SIOUX FALLS — Two former National Football League players and the all-time home run champion in South Dakota amateur baseball history headline a group of 15 new inductees into the South Dakota Sports Hall of Fame. 

The banquet will be Sunday, Sept. 26, 2021, at the Sioux Falls Convention Center. Tickets for the public event will be available beginning Monday, Aug. 16.

Doug Eggers graduated from Wagner High School and had an outstanding football career at South Dakota State University. He went on to spend five years with the Baltimore Colts. Darwin Robinson of Redfield was a record-setting football player and track and field athlete at Dakota State College, later signing with the Washington Redskins. Kevin Leighton of Madison hit more than 500 home runs in his long amateur baseball career, winning numerous state titles along the way. 

Other inductees in the Class of 2021 include Sioux Falls residents Bruce Conley, Ronald Mitchell and Gary Reed; Duane Whalen and John Houska of Rapid City; Ken Ruml of Howard; Heather Sieler Goehner of Huron; Laverne Diede of Freeman; Randy Fletcher of Lennox; Jim Miner of Yankton; former Aberdeen standout Wally Johnson; and Steve Withorne (deceased).
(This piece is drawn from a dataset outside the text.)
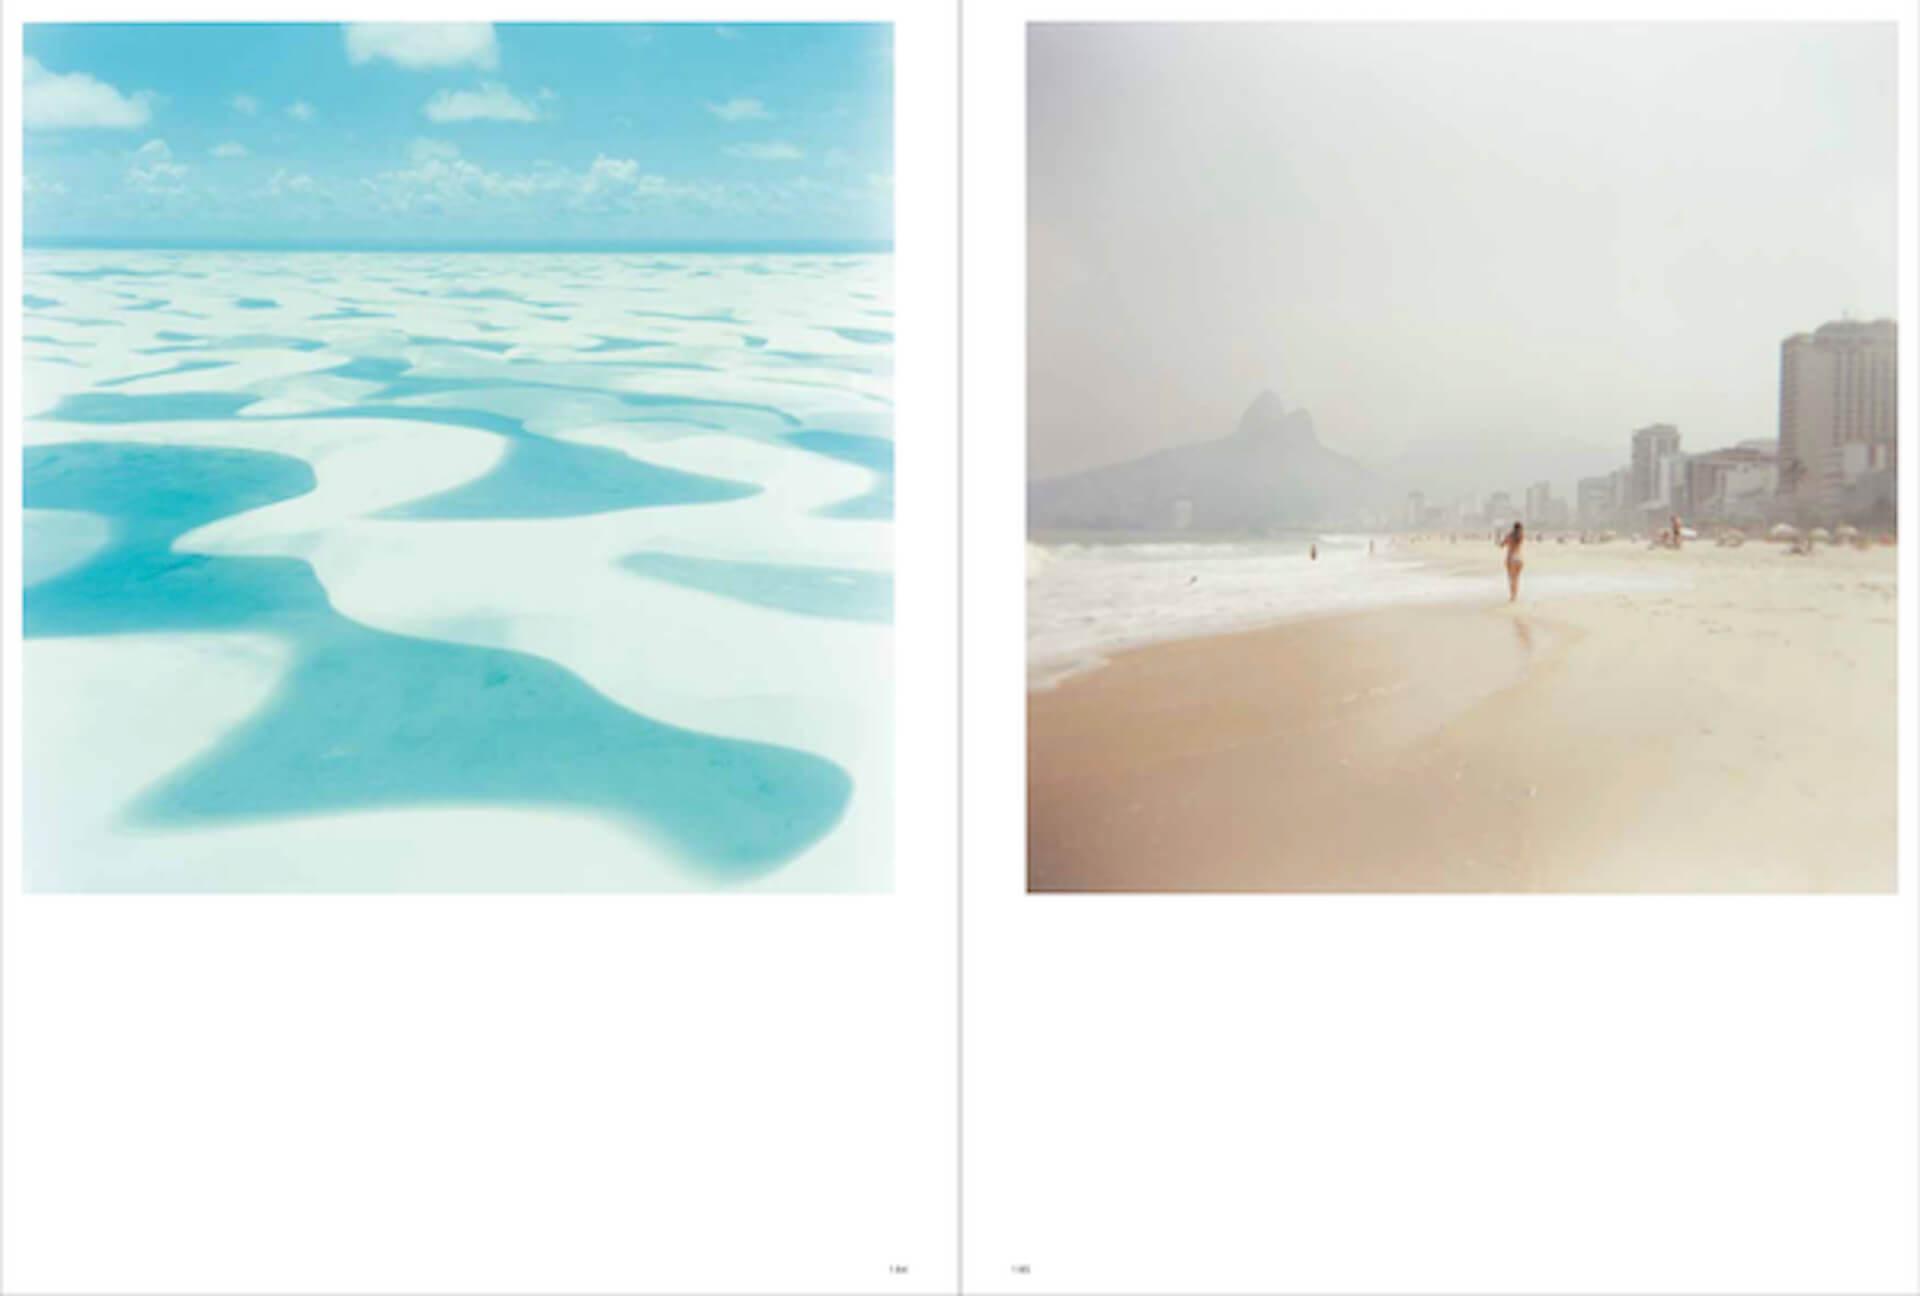 『TRANSIT』の10年超の歩みが2冊の写真集に!企画展<光の記憶- Through our habitat>も開催 art191029_transit_5

Conley was a long-time sportswriter at the Argus Leader. Mitchell spent decades as a successful coach for deaf athletes, achieving national acclaim. Reed was a state champion high school coach and well-respected official who worked more than 50 state basketball tournaments. Whalen was a 40-year coach and athletic director who has been an organizer and leader in West River and South Dakota sports for decades. Houska officiated 30 state wrestling tournaments and was a 50-year coach in numerous sports whose teams won 18 state titles.

Ruml is one of the most successful wrestling coaches the state has ever produced. Sieler was an outstanding all-around athlete at Huron High School before starring in basketball at SDSU. Diede was very instrumental in the early development of girls’ sports in the state, especially track and field and cross country. Fletcher was an outstanding basketball player for Dakota Wesleyan. 

Miner helped build Yankton High School into a football and track and field powerhouse and was known as a tireless recruiter who got many girls and boys involved in a variety of extra-curricular activities. Johnson was one of the best multi-sport athletes in the history of Aberdeen Central who played basketball and ran track at Northern State. Withorne, who died in 1999, was a multi-sport all-state performer at Rapid City Central who went on to play basketball at Dakota Wesleyan. Not only did he star on the court for DWU, Withorne joined the football team and eventually earned an NFL tryout. 

With the 15 additions, the hall will have enshrined 321 women and men from every sport and corner of the state. The South Dakota Sports Hall of Fame was established in 1968 by the South Dakota Sportswriters Association. It is now managed by a group of volunteers from across that state. 

There is a display honoring past Hall of Fame members and this year’s inductees inside the Denny Sanford Premier Center in Sioux Falls. The entire list of people enshrined can be found online at sdshof.com.